After their all-nighter ends
and a new day breaks, Q arrives at school to discover that Margo, always
an enigma, has now become a mystery. But Q soon learns that there are
clues - and they're for him. Urged down a disconnected path, the closer Q
gets, the less Q sees the girl he thought he knew.
From Publishers Weekly
Green melds elements from his
Looking for Alaska and
An Abundance of Katherines—
the impossibly sophisticated but unattainable girl, and a life-altering
road trip—for another teen-pleasing read. Weeks before graduating from
their Orlando-area high school, Quentin Jacobsen's childhood best
friend, Margo, reappears in his life, specifically at his window,
commanding him to take her on an all-night, score-settling spree.
Quentin has loved Margo from not so afar (she lives next door), years
after she ditched him for a cooler crowd. Just as suddenly, she
disappears again, and the plot's considerable tension derives from
Quentin's mission to find out if she's run away or committed suicide.

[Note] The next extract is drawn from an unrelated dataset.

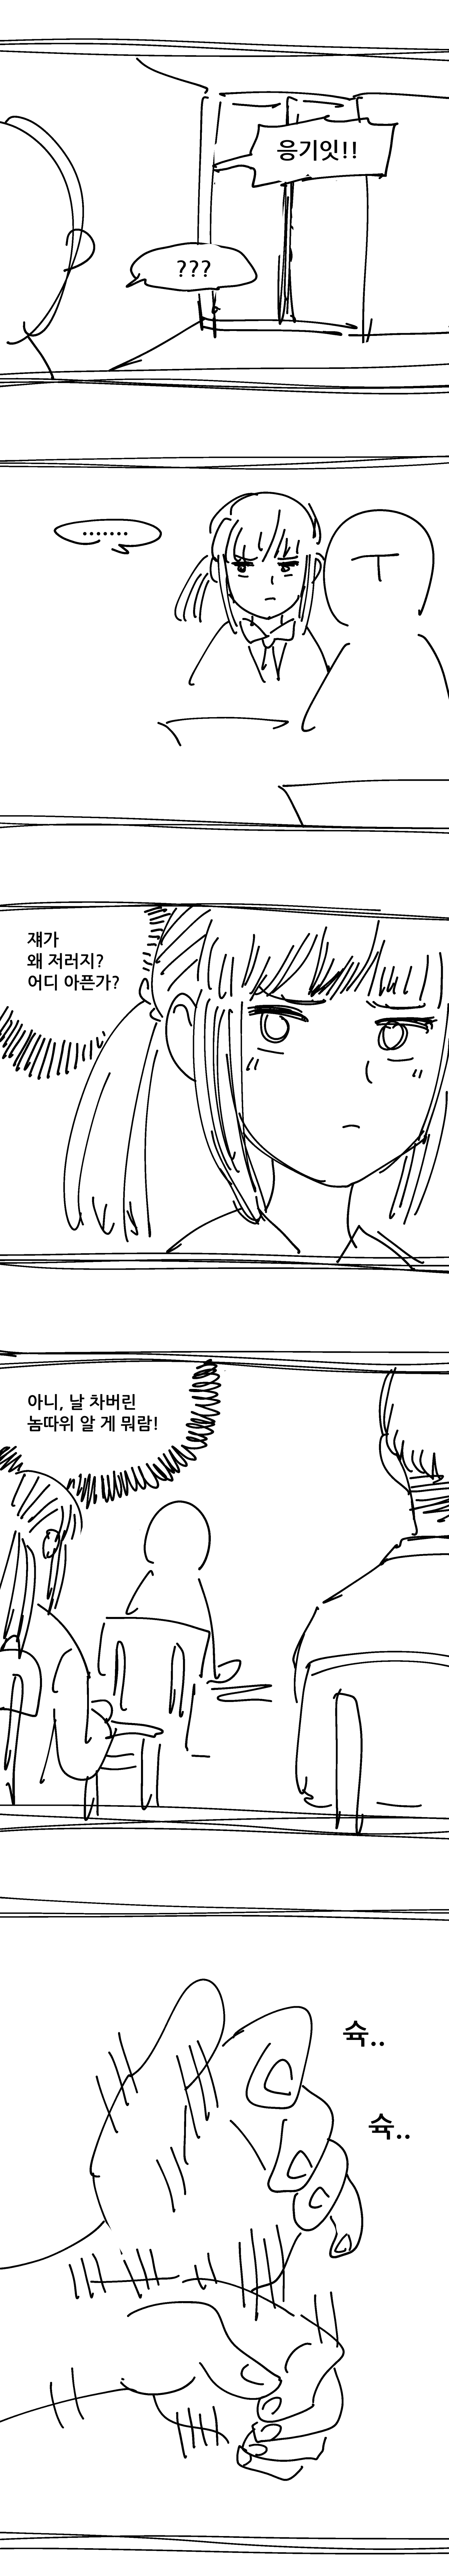 Back) Cartoon of being insulted in class by a psychic childhood friend.manhwa

Margo's parents, inured to her extreme behavior, wash their hands, but
Quentin thinks she's left him a clue in a highlighted volume of
Leaves of Grass.
Q's sidekick, Radar, editor of a Wikipedia-like Web site, provides the
most intelligent thinking and fuels many hilarious exchanges with Q. The
title, which refers to unbuilt subdivisions and copyright trap towns
that appear on maps but don't exist, unintentionally underscores the
novel's weakness: both milquetoast Q and self-absorbed Margo are types,
not fully dimensional characters. Readers who can get past that will
enjoy the edgy journey and off-road thinking. Ages 12–up.